DATASET SECTION:
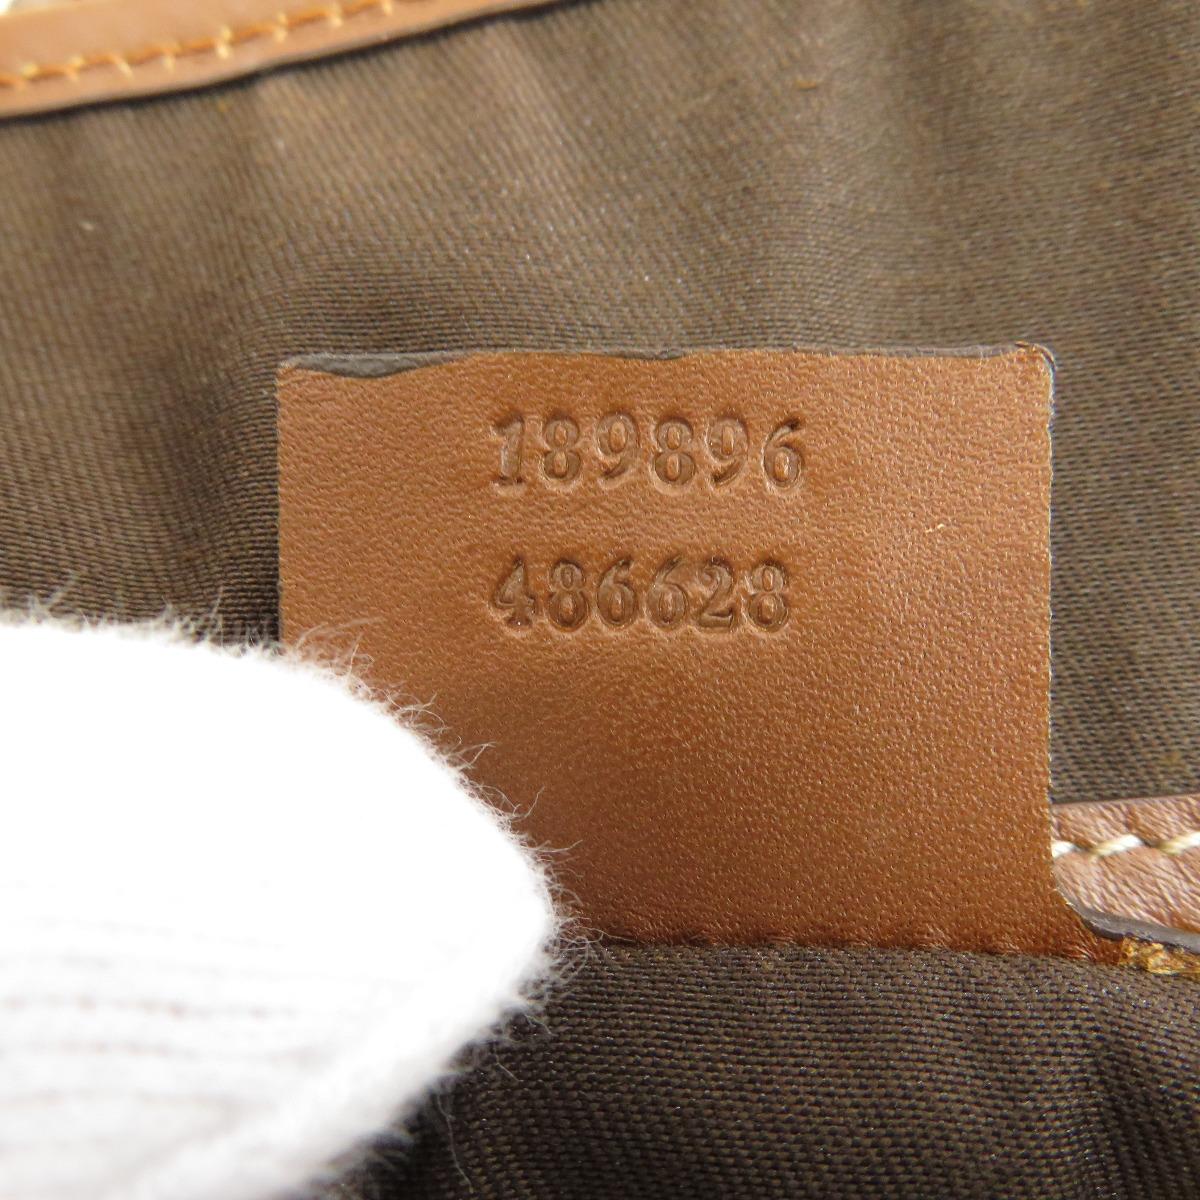 Gucci 189896 Gg Pvc Longchamp Le Pliage Neo Small Handbag 1512578545 Red
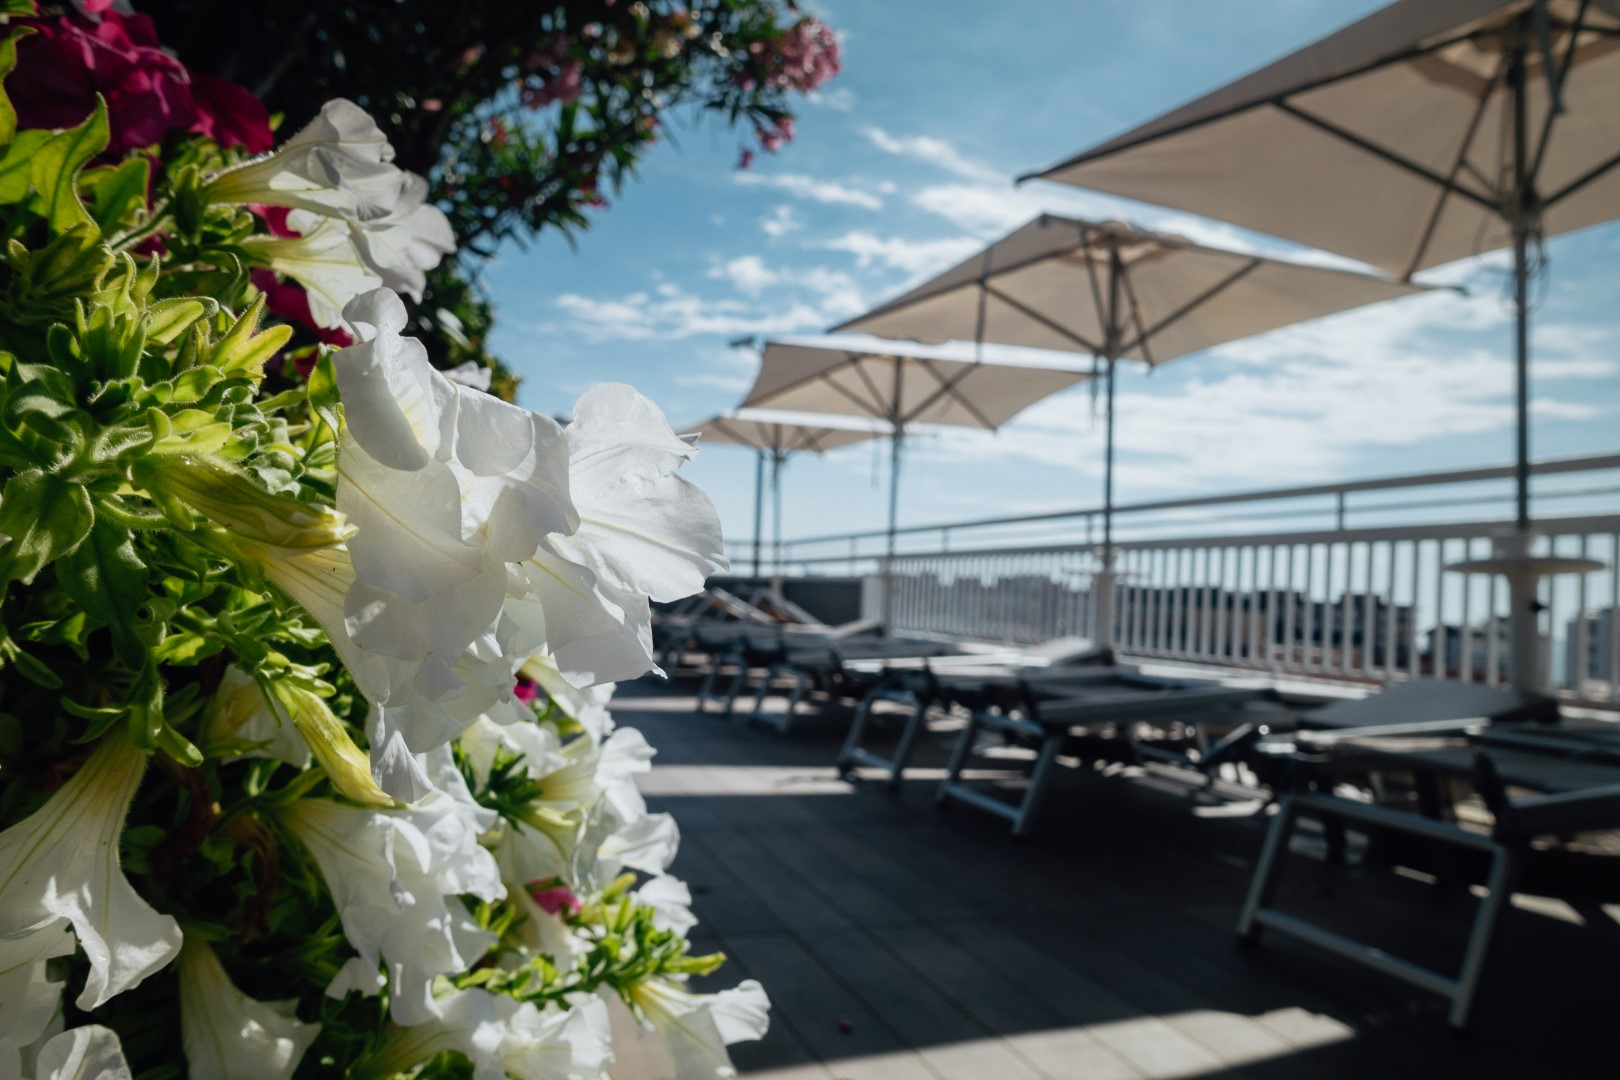 Piscina Albergo piscine Hotel Principe Palace a Jesolo Lido VE Piazza Mazzini
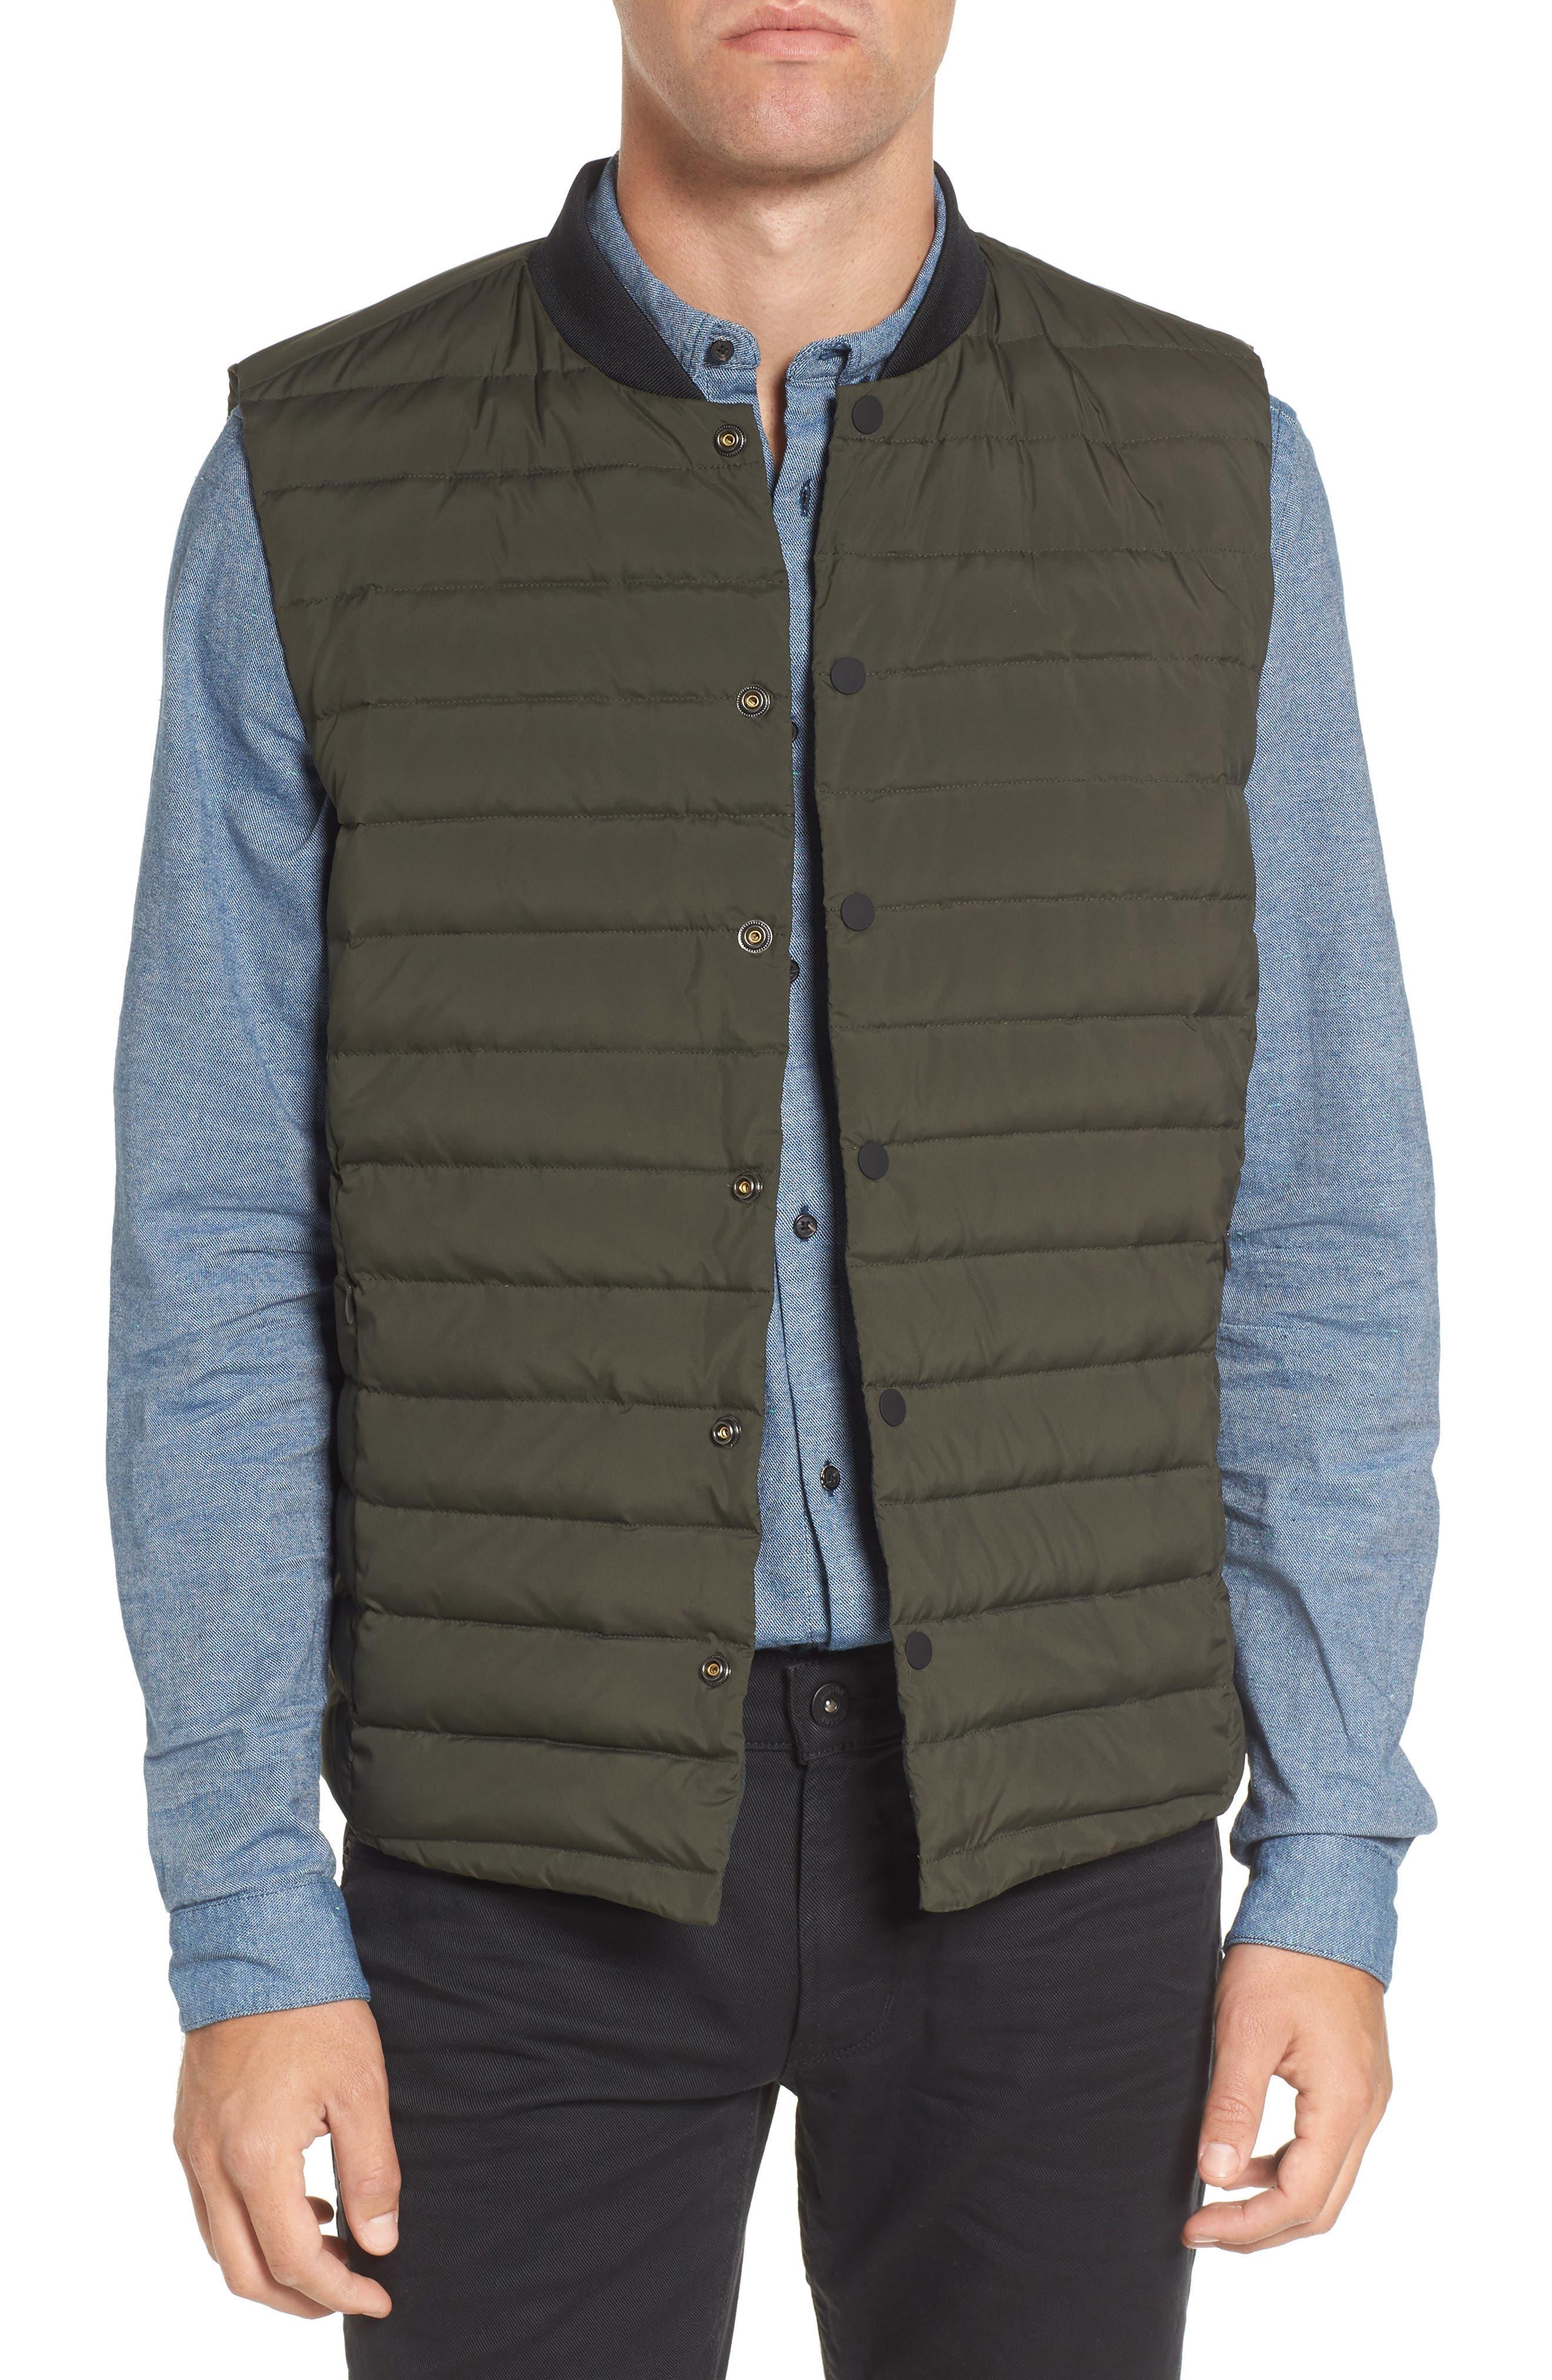 Alternate Image 1 Selected - Scotch & Soda Down Vest

REQUIRED WORK: Transcribe the material exactly, and leave out whatever pictures it holds.

TASK ANSWER:
 Gucci 189896 Gg Pvc Longchamp Le Pliage Neo Small Handbag 1512578545 Red
 Piscina Albergo piscine Hotel Principe Palace a Jesolo Lido VE Piazza Mazzini
 Alternate Image 1 Selected - Scotch & Soda Down Vest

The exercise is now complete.